The Gauliga Elsaß was the highest football league in the region of Alsace (German: Elsaß, the old orthography of Elsass) from 1940 to 1945. The Nazis reorganised the administrative region and the Alsace became part of the Gau Baden-Elsaß.

==Overview==
The league was introduced by the Nazi Sports Office in 1940, after the French defeat and the direct German administration of the Alsace region. The Alsace region was traditionally disputed between the two countries and had been part of the German Empire from 1871 to 1918, with its football clubs playing in the German league system then.

The de facto annexation of Alsace in June 1940 meant the return of competitive football to the region, as league competition had already been suspended in France in September 1939 but continued in Germany. The Gauliga Elsaß was established with sixteen clubs in two groups of eight, all from the Alsace region. The two group winners then played a home-and-away final to determine the Alsace champion and the team entering the German championship.

The league was reduced to one single group of twelve teams in the 1941–42 season with the bottom four teams relegated. The season after, it operated with ten clubs and two relegated teams. This modus remained in place for the 1943–44 season.

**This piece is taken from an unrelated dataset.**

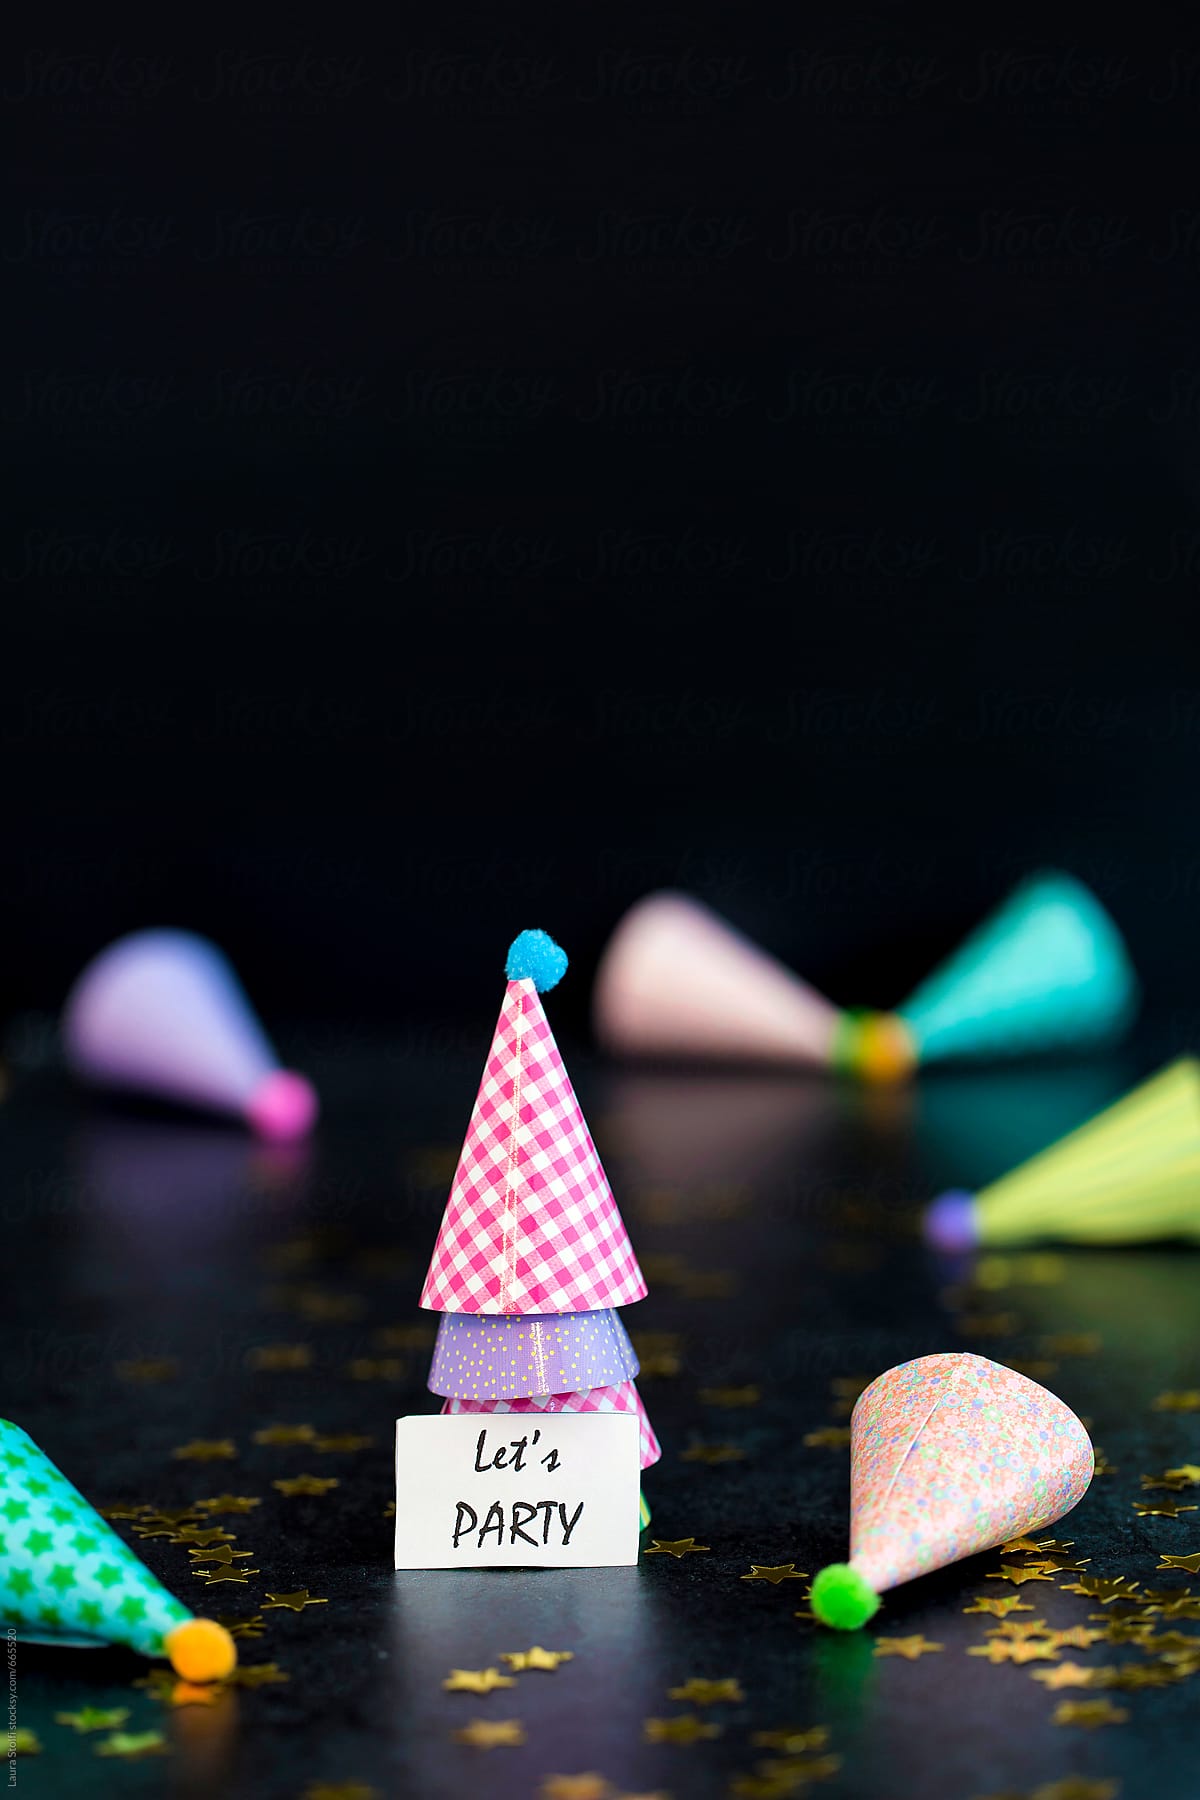 Let\'s party message in front of multi colored party hats

In late 1944, the Alsace region became part of the frontline and it was doubtful whether the 1944–45 season was even able to get underway. The league was scheduled to have two groups, a northern one with five and a southern one with six clubs.

After the region had been completely liberated by allied forces, Strasbourg being retaken on 22 November 1944, the Alsace and its football clubs returned to France with the top club, the RC Strasbourg, reentering the French first division in 1945.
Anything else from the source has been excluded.